Femmes et familles bichonnées
La maternité sera compensée à 100 % et des points supplémentaires, à hauteur de 5 %, accordés dès le premier enfant. En cas de décès, 70 % des ressources du couple seront reversées au conjoint survivant. « Nous abaisserons aussi l’âge actuel d’annulation de la décote : les femmes (voire les hommes) ne seront plus contraintes d’attendre 67 ans pour liquider leur retraite, faute de trimestres suffisants, et le bénéfice de l’assurance-vieillesse des parents employés sera maintenu pour celles qui arrêtent de travailler pour élever leurs enfants jusqu’à six ans, à partir du troisième enfant », a ajouté le Premier ministre. Dans le souci de favoriser la natalité, 2 % en sus seront, en outre, accordés aux parents de trois enfants et plus.
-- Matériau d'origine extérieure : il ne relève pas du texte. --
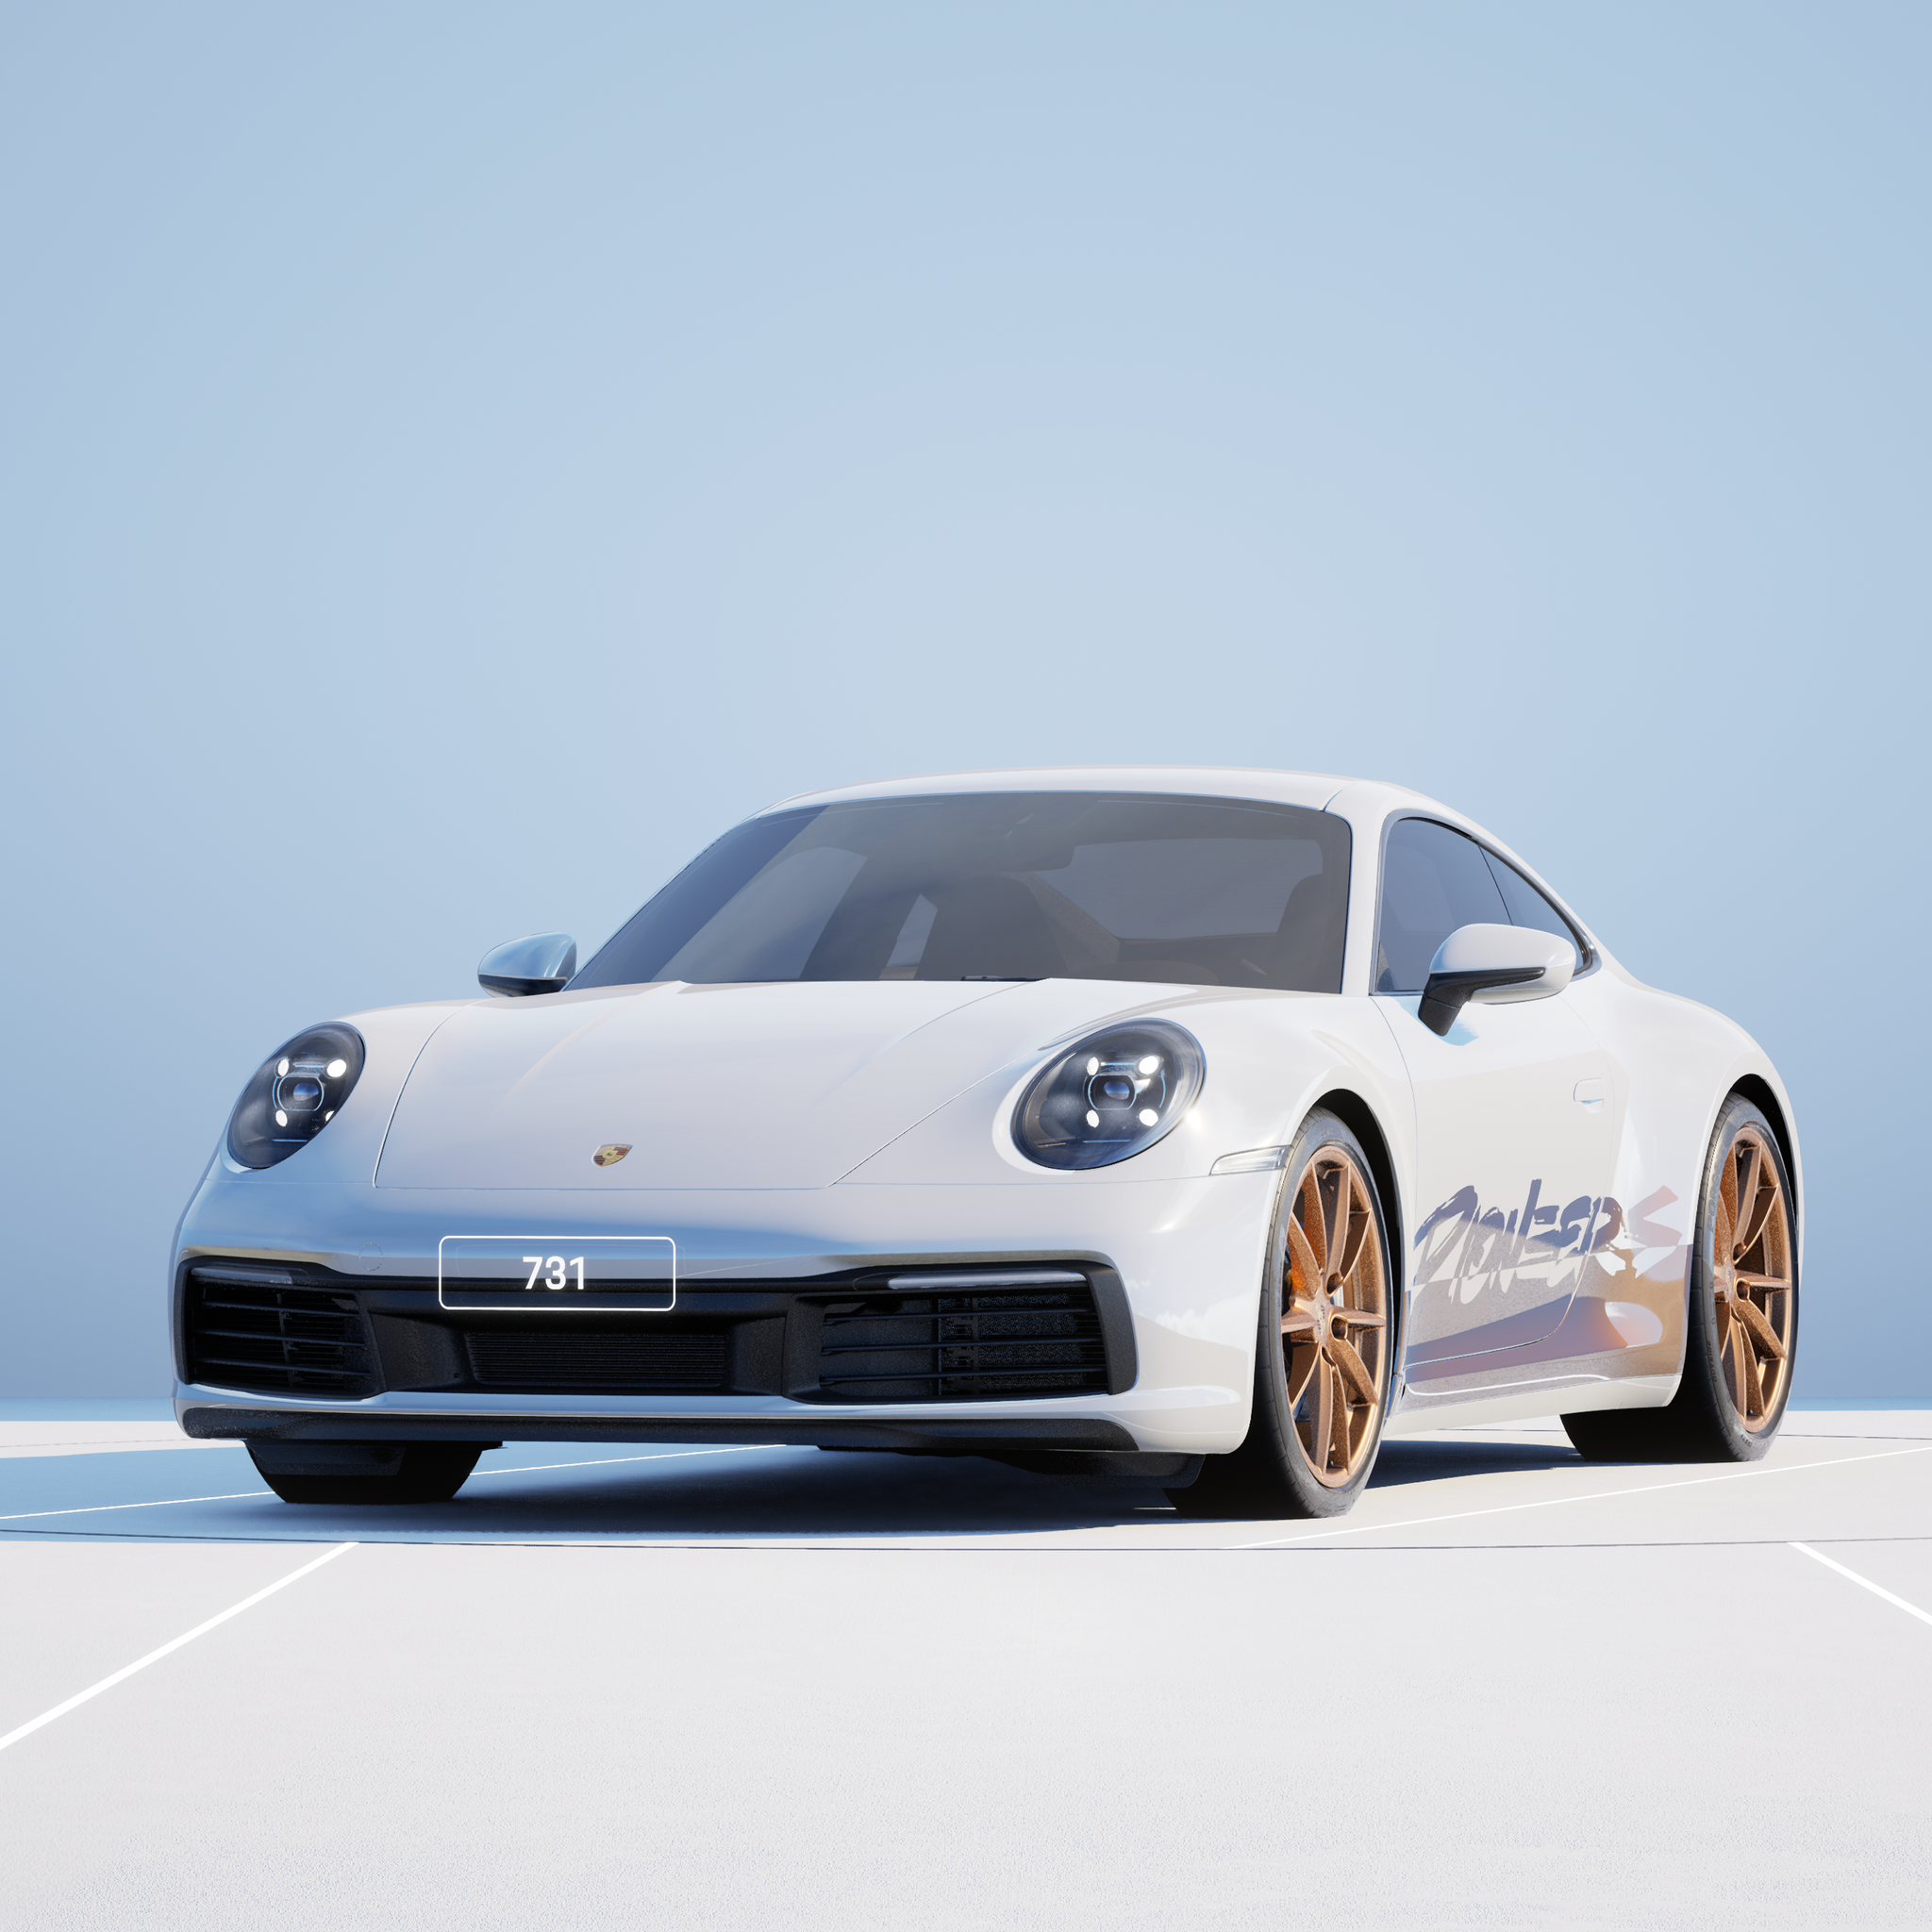 The PORSCHΞ 911 731 image in phase
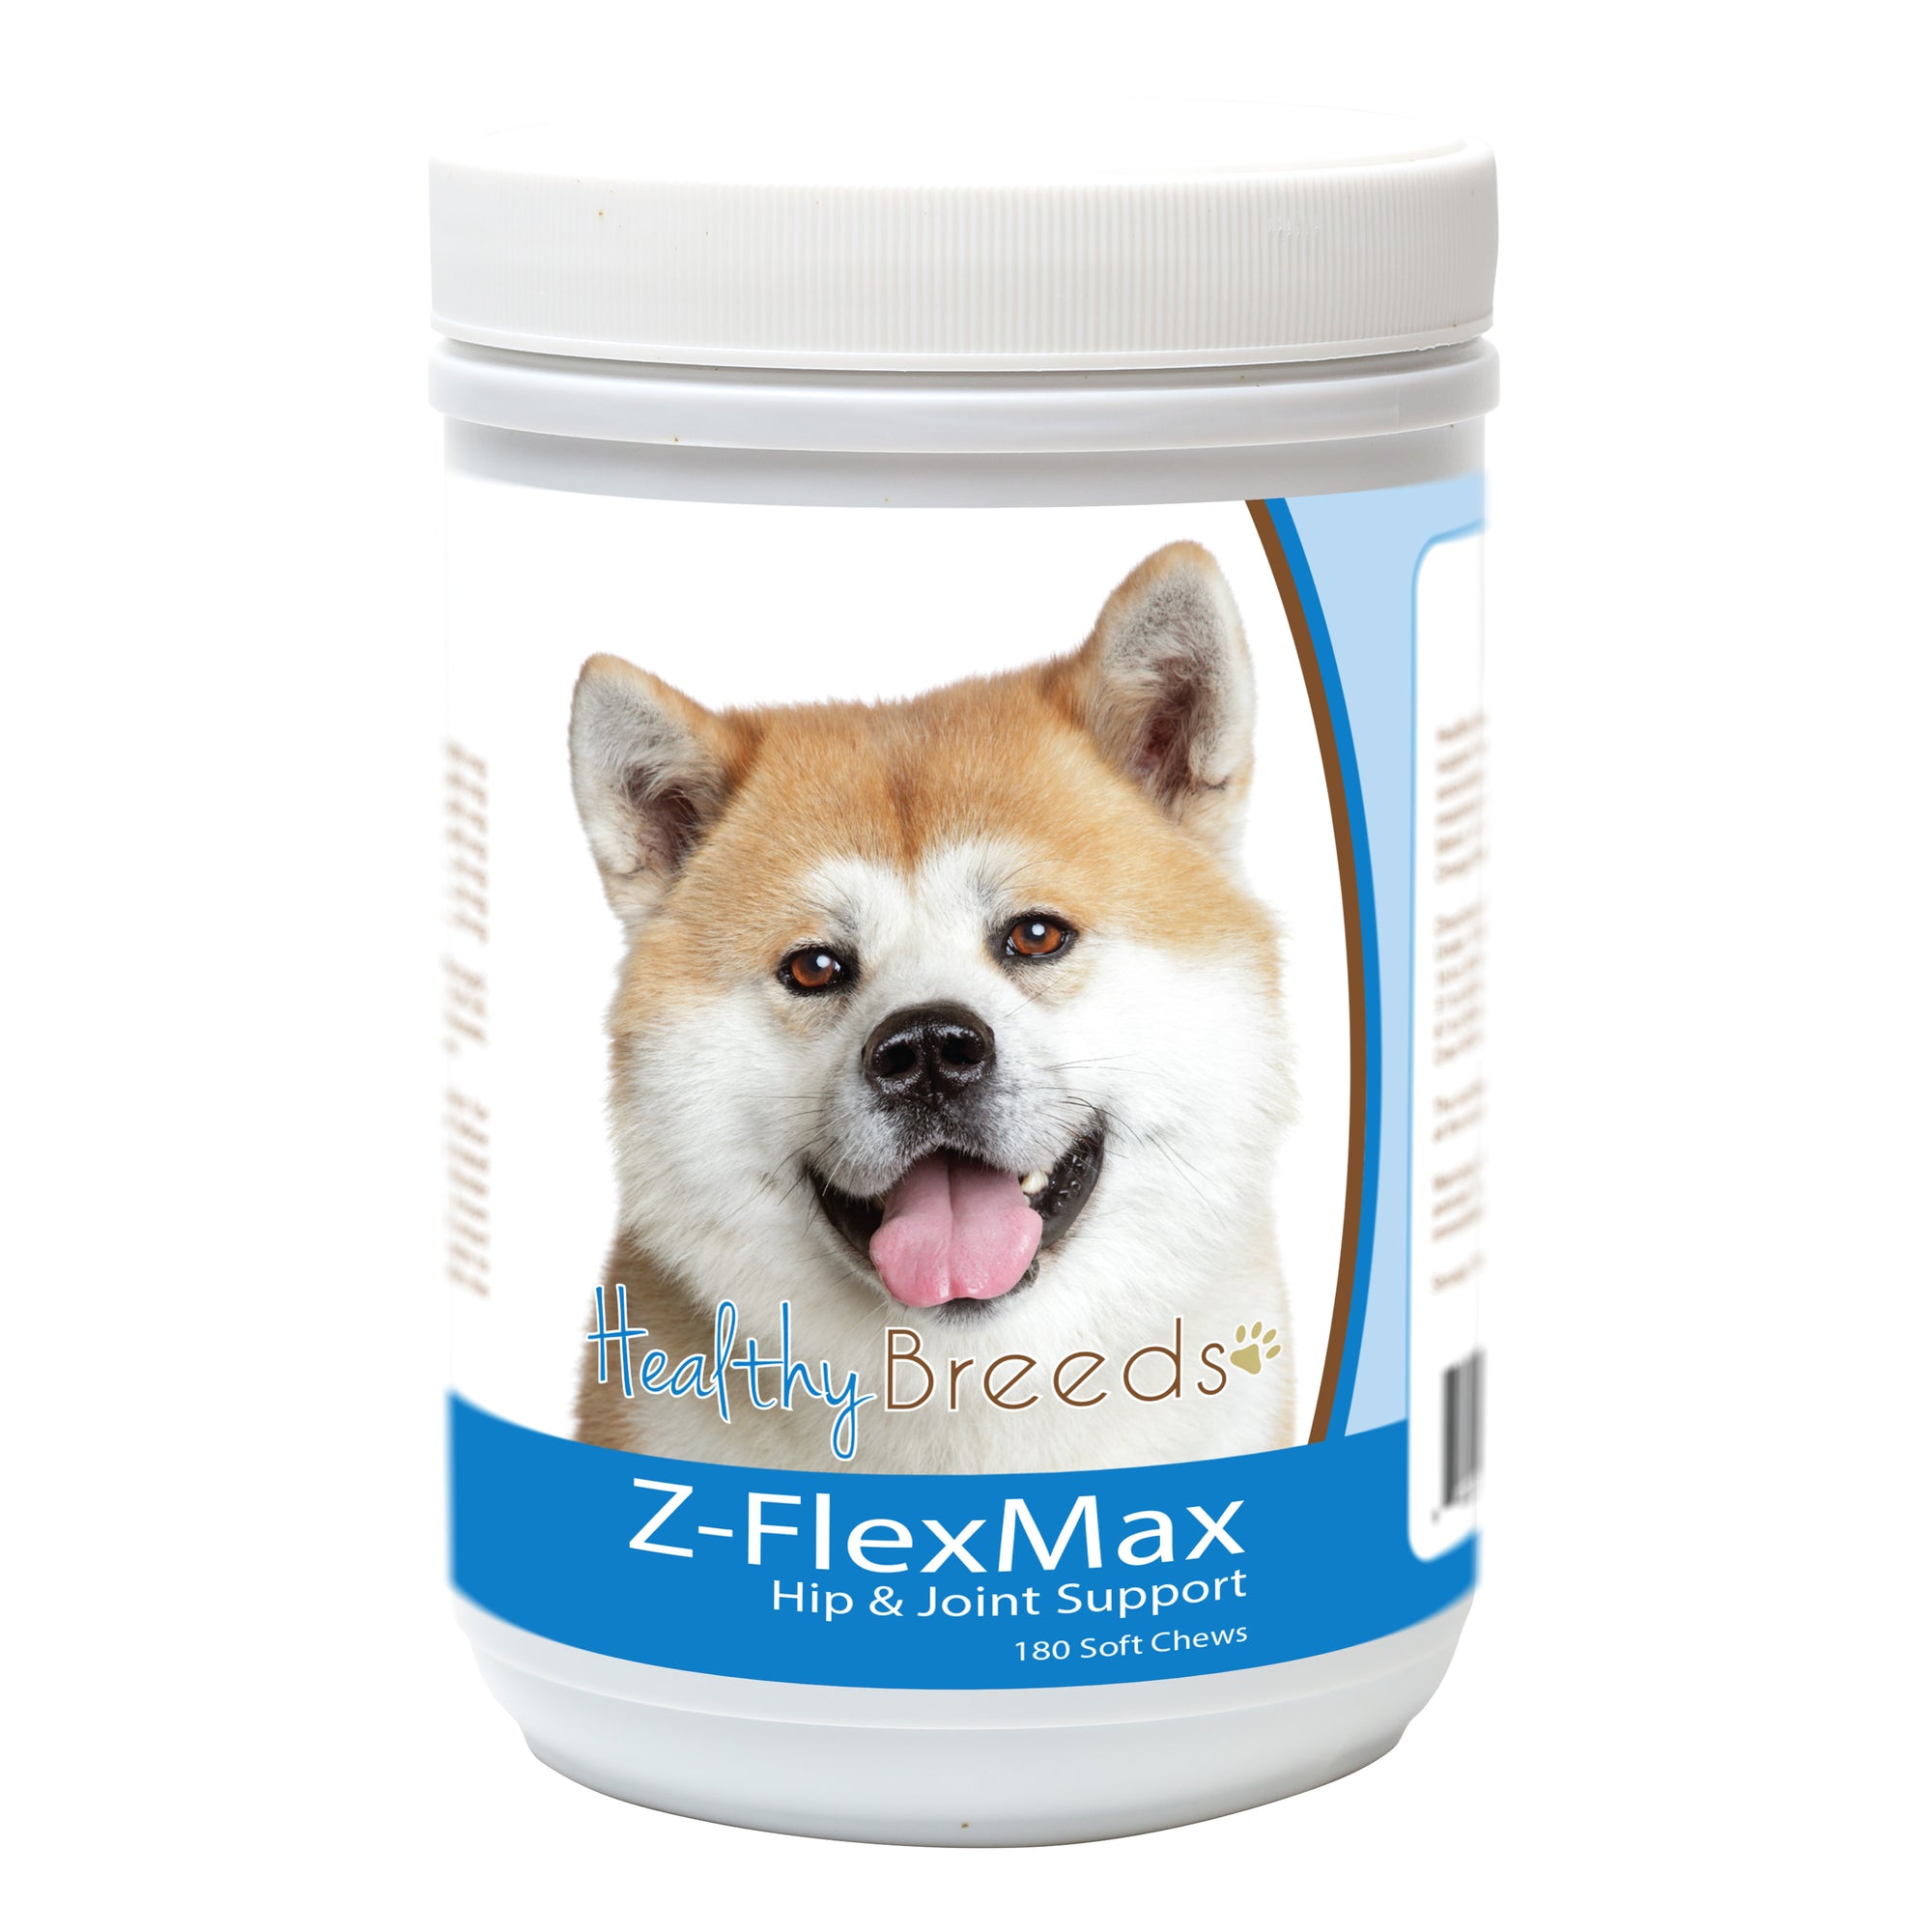 Healthy Breeds Akita Z-Flex Max Dog Hip and Joint Support 180 Count

Les hauts revenus mis à contribution
Au-delà de 120 000 euros de revenus annuels, les plus riches paieront une cotisation de solidarité plus élevée, non à leur profit mais au bénéfice de la collectivité.
Dérogations
Les forces de sécurité conserveront le bénéfice de dérogations d’âge. Le niveau de retraite des enseignants sera sanctuarisé dans la loi et, dès 2021, leur salaire et leur pension revalorisés. Un temps partiel de fin de carrière sera mis en place en faveur des aides-soignantes. Pour les professions indépendantes, « des modalités douces de convergence des cotisations » , seront étudiées « à l’horizon de quinze ans ». Enfin, les réserves accumulées resteront dans les caisses des professionnels concernés.